Stored records
-------------------------
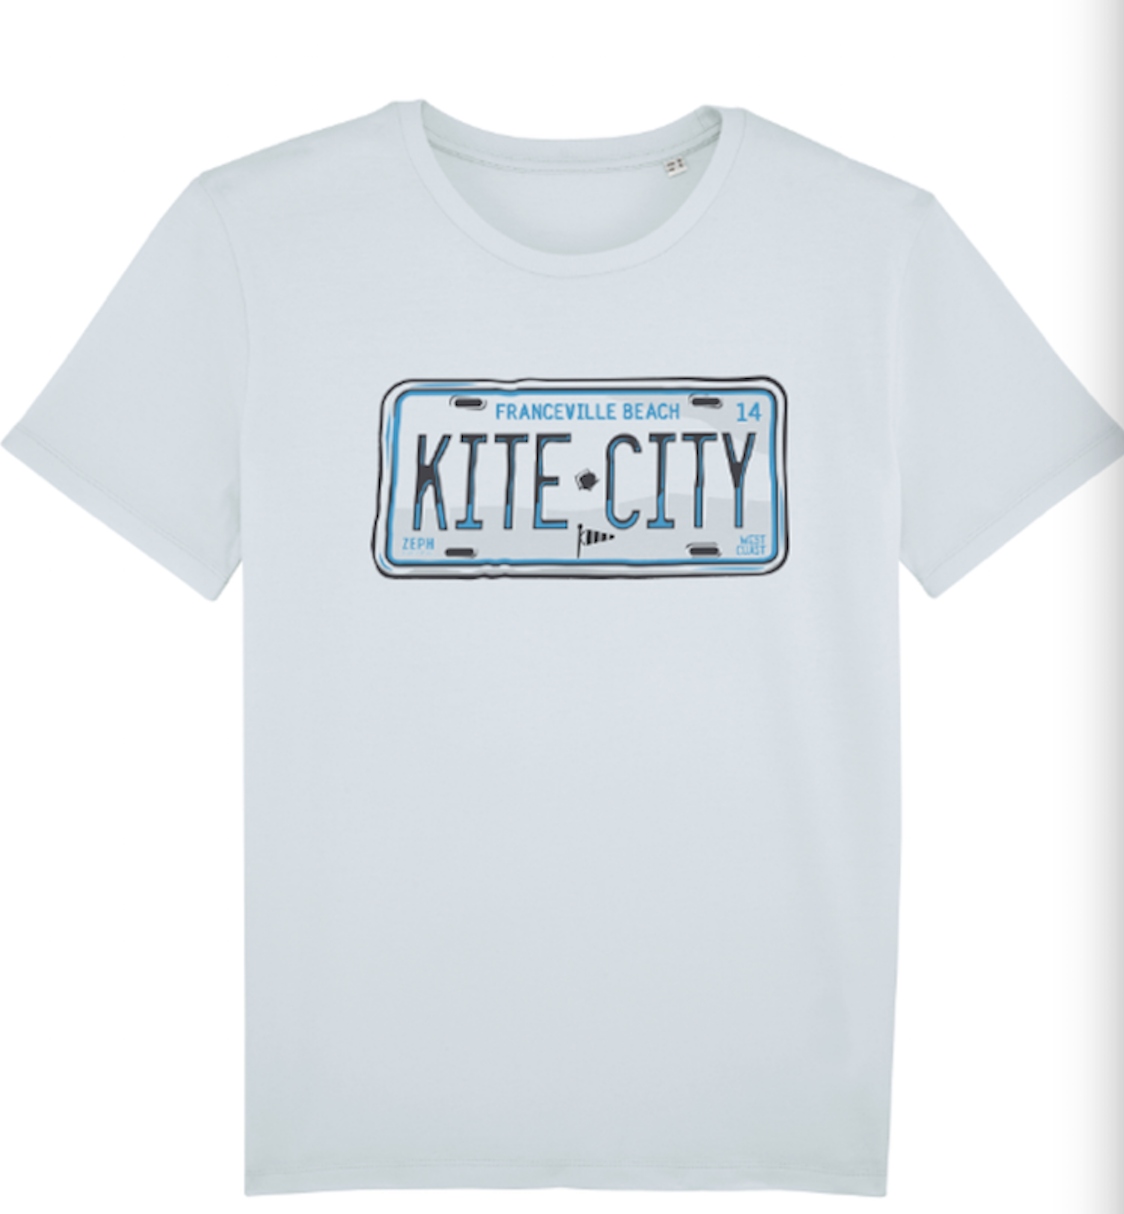 T-shirt Kitecity
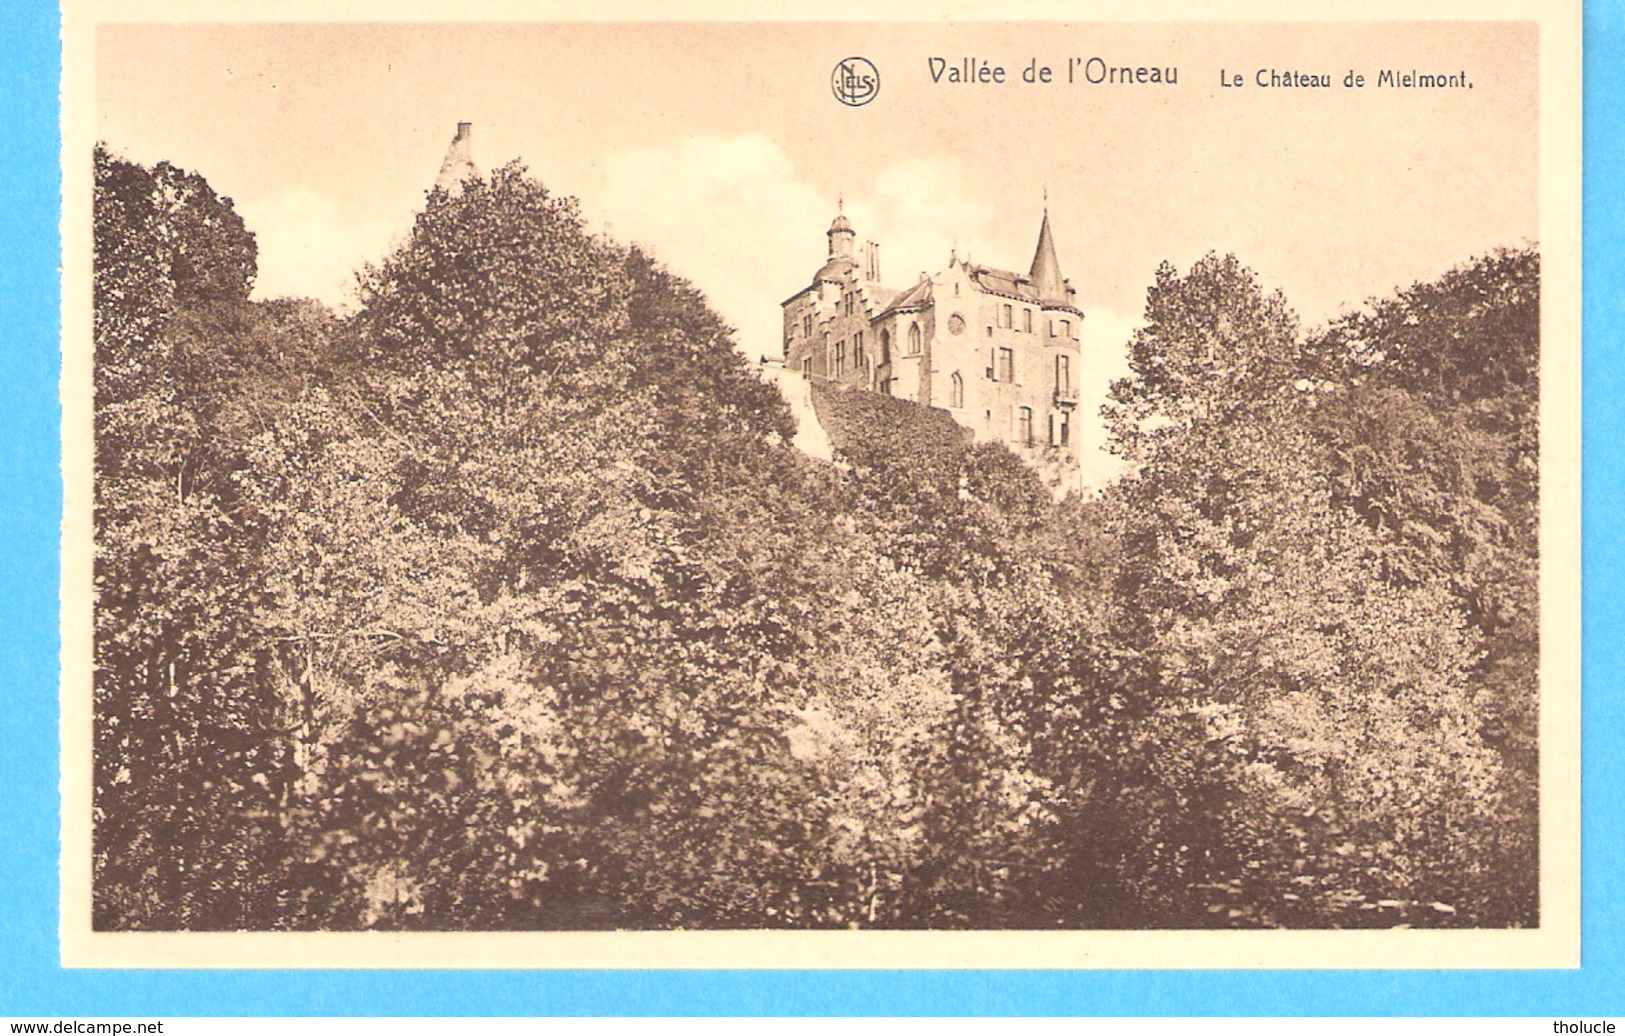 Publicité-Touring Club De Belgique-+/-1930-Onoz-Jemeppe-sur-Sambre-Le Château De Mielmont-Vallée De L'Orneau - Publicité
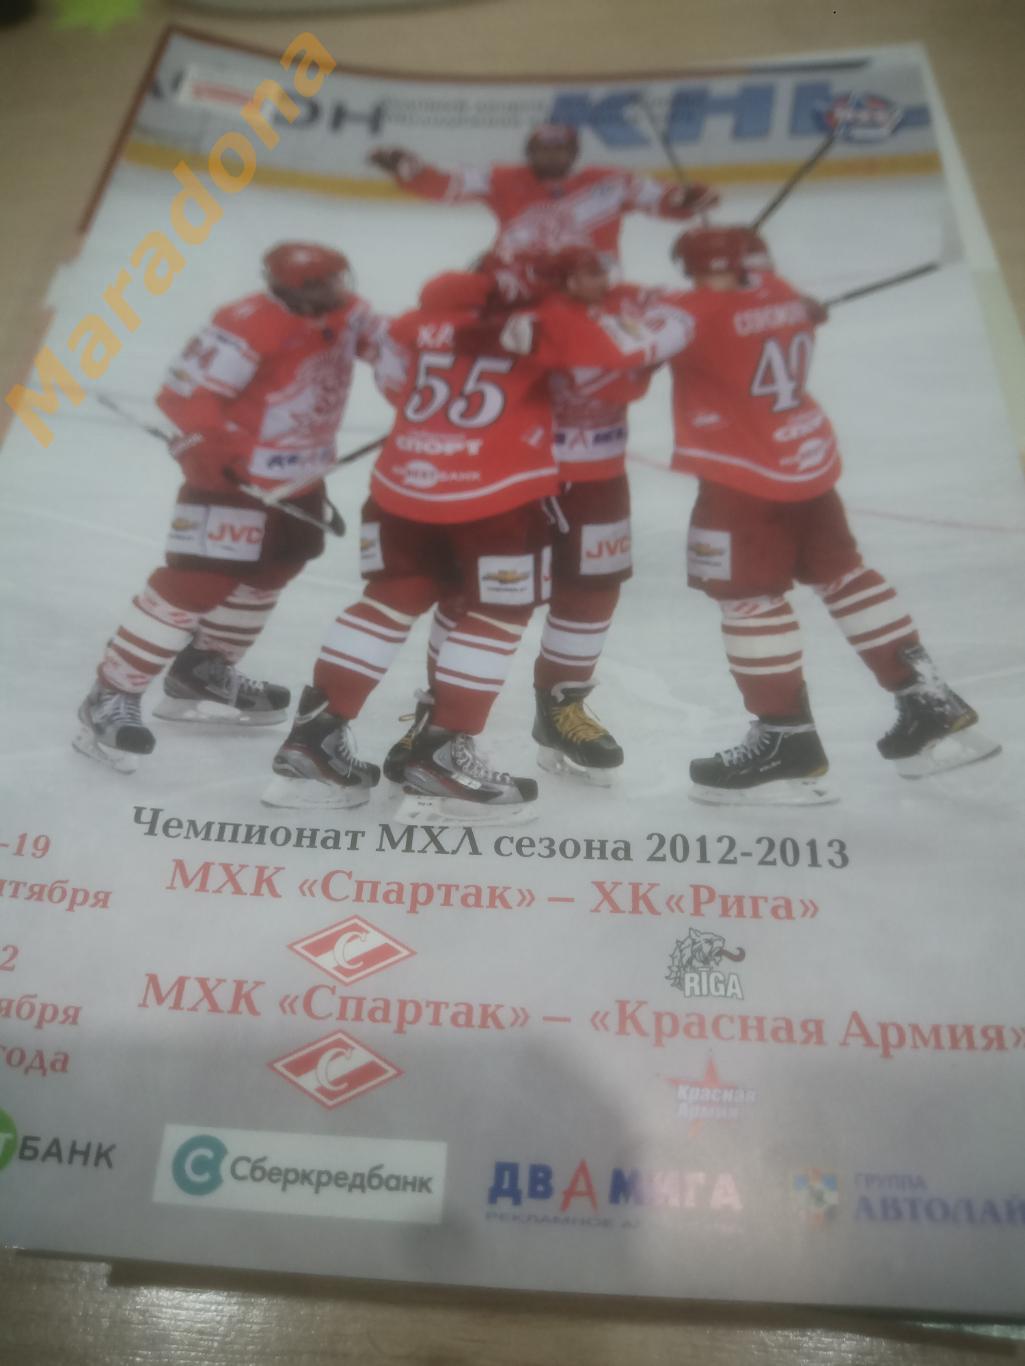 Спартак Москва - Рига, Динамо Санкт-Петербург 2012
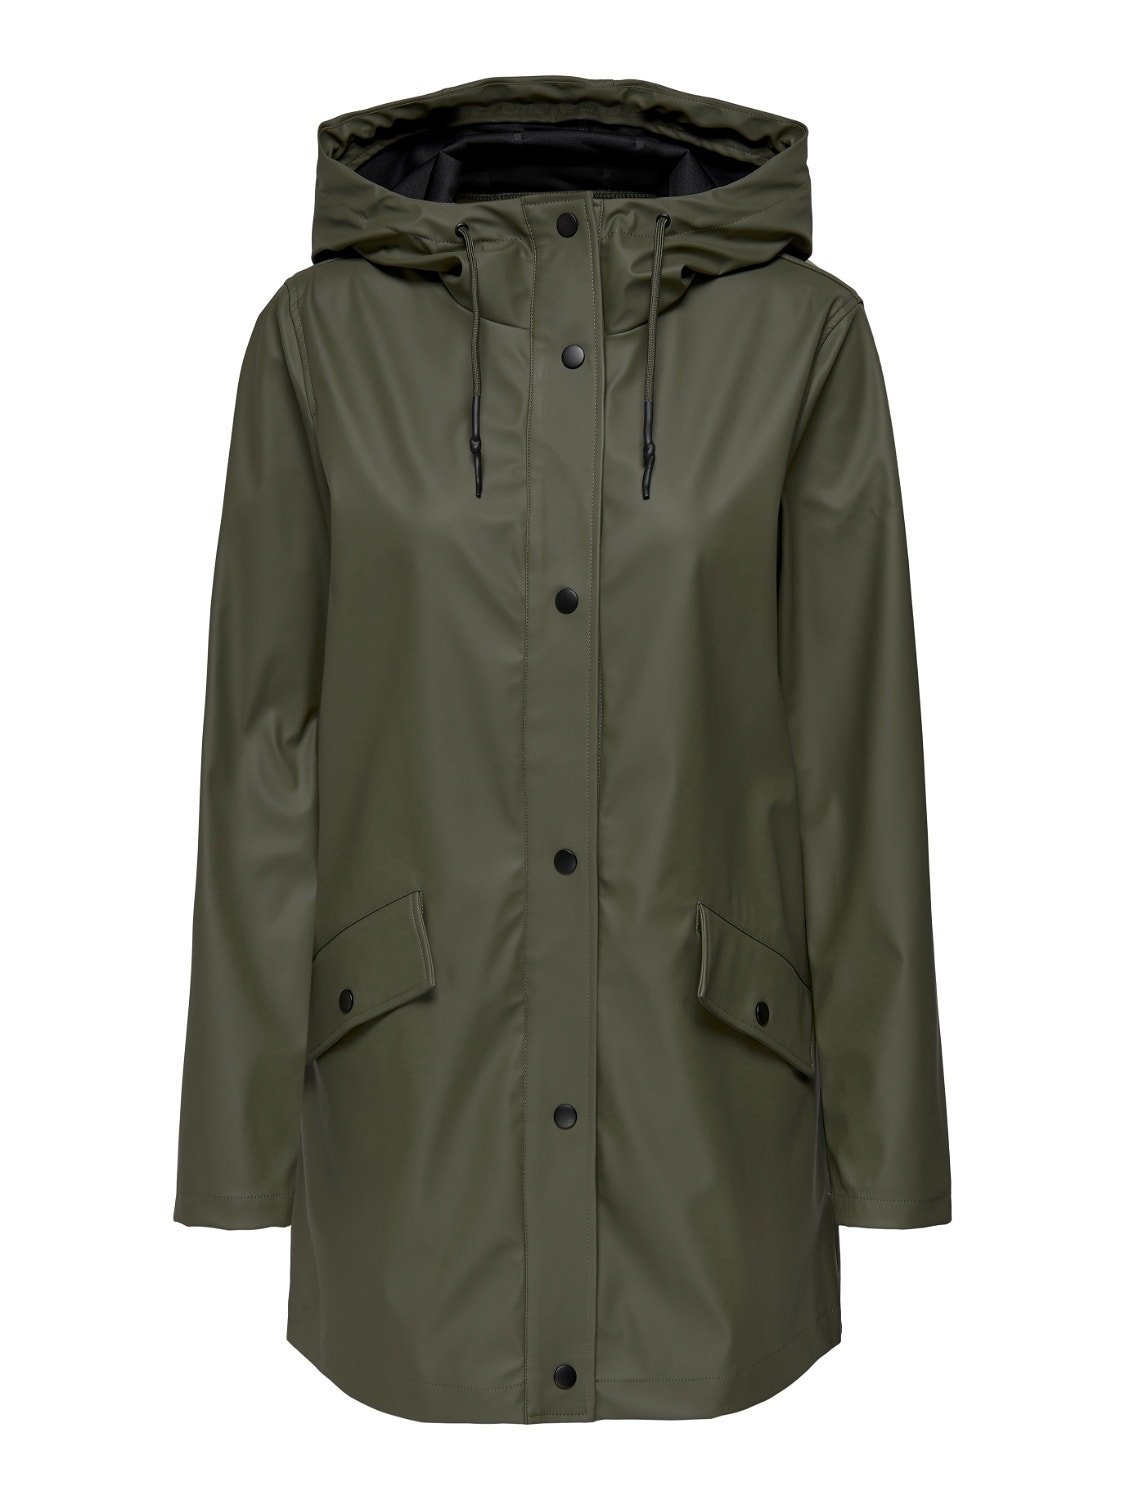 ONLY Solid Colored Rain jacket -Kalamata - 15261734
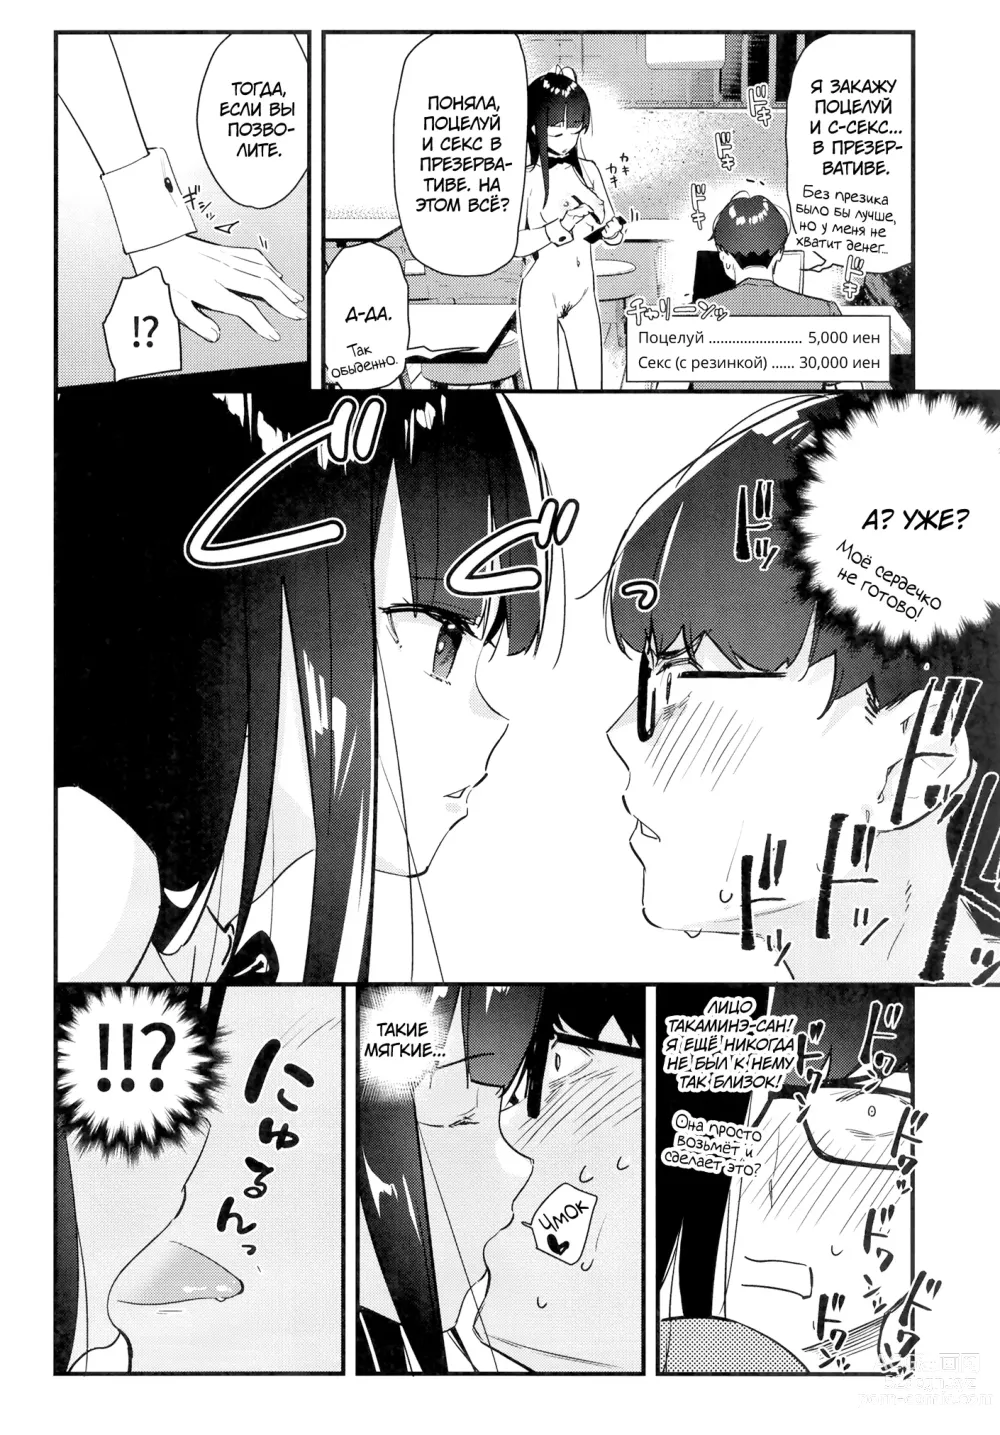 Page 21 of doujinshi Девушка, которая мне нравится, оказывает особые услуги постоянным клиентам
-------------------------
The whole of the data above needs retyping exactly, with pictures omitted.

 T-shirt Kitecity
 Publicité-Touring Club De Belgique-+/-1930-Onoz-Jemeppe-sur-Sambre-Le Château De Mielmont-Vallée De L'Orneau - Publicité
 Спартак Москва - Рига, Динамо Санкт-Петербург 2012
 ONLY Solid Colored Rain jacket -Kalamata - 15261734
 Page 21 of doujinshi Девушка, которая мне нравится, оказывает особые услуги постоянным клиентам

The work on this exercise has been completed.